# Impatient for spring



## Ron-NY (Apr 8, 2008)




----------



## NYEric (Apr 8, 2008)

It's so weird! Very little snow this year and it's colder this week than last week!


----------



## cdub (Apr 8, 2008)

Boy, Ron, we're a little ahead of you in Central VT. Here are some blooms I found on a walk around the neighborhood this afternoon.
_
Galanthus nivalis_
_Eranthus hyemalis_
_Crocus_
_Iris_
_Scilla sciberica_


----------



## ohio-guy (Apr 8, 2008)

wow ....nice photos....really like the bee!


----------



## Ron-NY (Apr 8, 2008)

I spent the weekend in Manchester, Vt...there was no snow at all and it is much higher in elevation than where I am at.


----------



## mccallen (Apr 8, 2008)

A few from the West Coast too:


----------



## SlipperFan (Apr 8, 2008)

Cool. I've seen a couple of butterflies. My snowdrops are in bloom, but nothing else yet.


----------



## paphreek (Apr 8, 2008)

Two feet of snow fell on Sunday just north of us. Happy Spring!


----------



## Corbin (Apr 9, 2008)

Patience Ron


----------



## toddybear (Apr 9, 2008)

When is spring? With 4 feet of snow around here, it seems a long way off!


----------



## Yoyo_Jo (Apr 19, 2008)

*Did someone say spring???*

My backyard this morning...with more to come over the next few days..:sob:


----------



## Ron-NY (Apr 19, 2008)

YIKES!! I hope that isn't headed my way...we are having unusually warm weather, it is mid 80's F today


----------



## SlipperFan (Apr 19, 2008)

Not quite that warm here, but in the 70's for the past few days. Much welcomed after all that cold and snow we had this year. 

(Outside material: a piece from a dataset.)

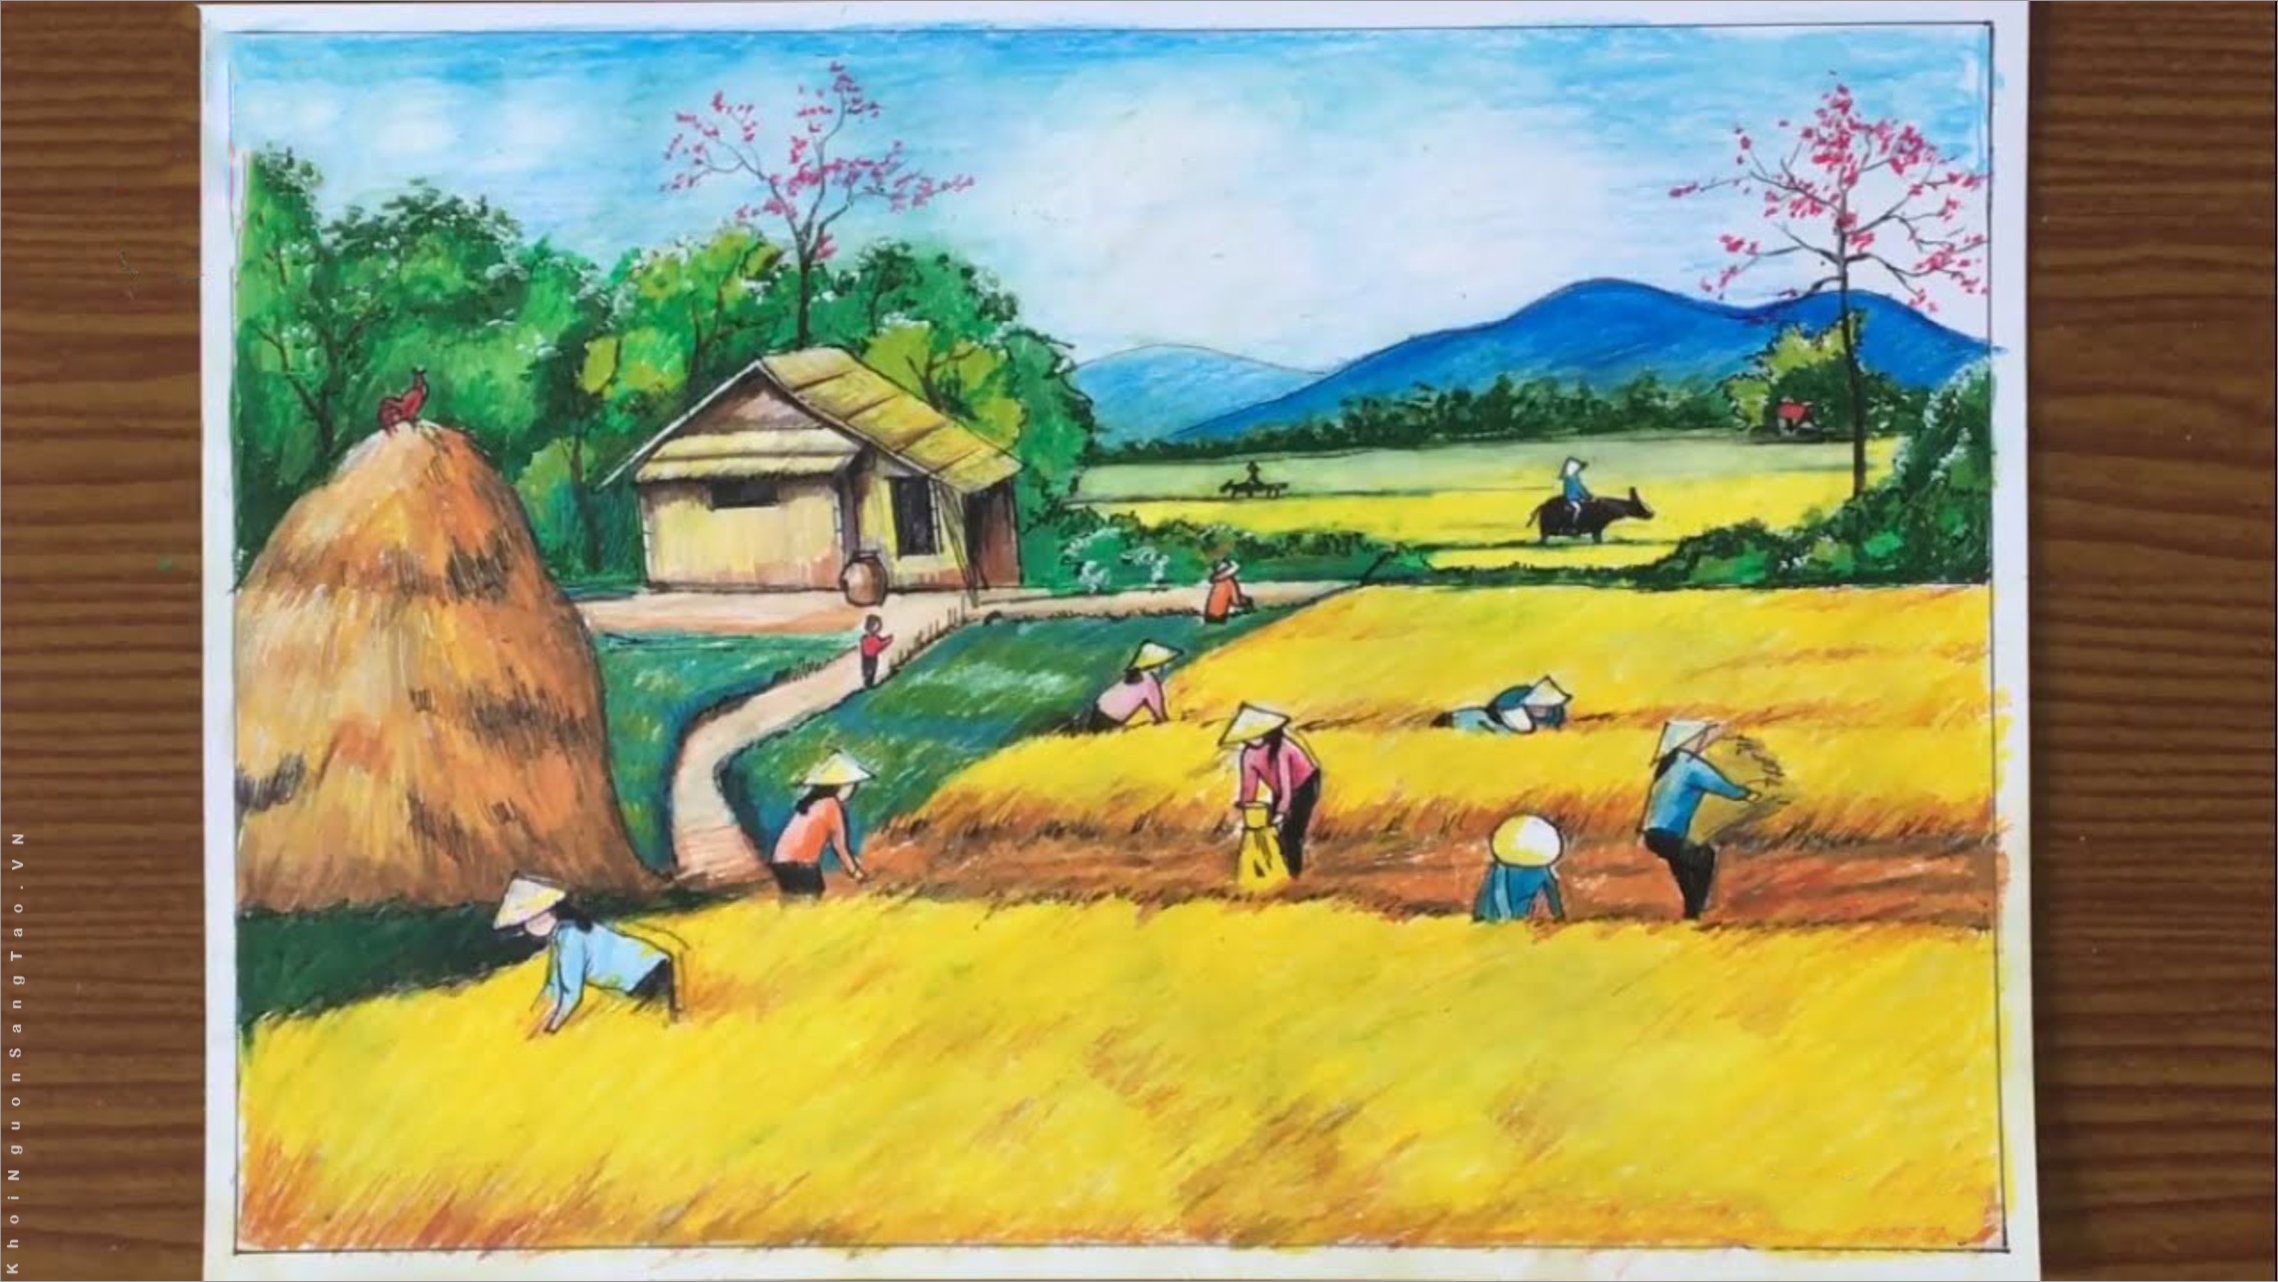 Vẽ tranh gặt lúa là một trong những chủ đề tranh phổ biến nhất liên quan đến nông nghiệp. Màu sắc rực rỡ và sự sinh động của bức tranh vẽ gặt lúa sẽ cho bạn cảm giác như đang được trải nghiệm trực tiếp quá trình thu hoạch lúa. Hãy để những bức tranh gặt lúa giúp bạn thư giãn và tận hưởng những giây phút yên bình.

Yoyo-Jo, I feel your pain!


----------



## smartie2000 (Apr 20, 2008)

!!!!!! It snowed! my city is like Jo's. probably at least a foot of snow and still going


----------



## Yoyo_Jo (May 8, 2008)

*Can you believe this??*

:sob:

This is my backyard, right now, about 5 pm. May 8th. Where the heck is spring??


----------



## cdub (May 8, 2008)

Spring is here! Just south of the border. Took a wildflower walk the other day on a preserve owned by our local land trust.

Caltha palustris (and Equisetum arvense)





Trillium grandiflorum





Trillium erectum





Erythronium americanum





Hepatica nobilis var. acutiloba





Uvularia grandiflora





I also saw many other things growing but not in bloom and I found this little guy! It is the terrestrial form of our native spotted newt (I think). I'm a botanist, not a herpetologist. These red guys are called "efts" until they change into their adult aquatic stage.


----------



## SlipperFan (May 8, 2008)

Awwwww -- I want a newt.


----------



## Yoyo_Jo (May 8, 2008)

Wonderful spring photos cdub! :clap: What a cute newt.


----------



## Ron-NY (May 8, 2008)

very nice...you seem to be 2 weeks behind me. Zone 3?

I always called them spotted salamanders. I saw some adults mating in the shallows of my pond...the ice couldn't have been off the pond for more than a day or so when I noticed them.

I love Hepatica! The first thing to bloom for me. I believe my Marsh Marigolds are still in bloom as well as the Trillium. I have a few painted trillium around too as well as the red and white ones. 

I am fortunate to have all of these growing out in my woods.

Trillium undulatum (Painted Trillium)


----------



## Jerry Delaney (May 8, 2008)

Spring arrived here in sunny Bakersfield, CA March 3, at exactly 1:08 PM. It was immediately followed by summer on March 3, at exactly 1:11 PM!


----------



## rdlsreno (May 11, 2008)

That is too cold!!!:sob:


Ramon


----------



## Bolero (May 11, 2008)

Isn't it spring there now? 

It's Autumn here and it sure feels like it.


----------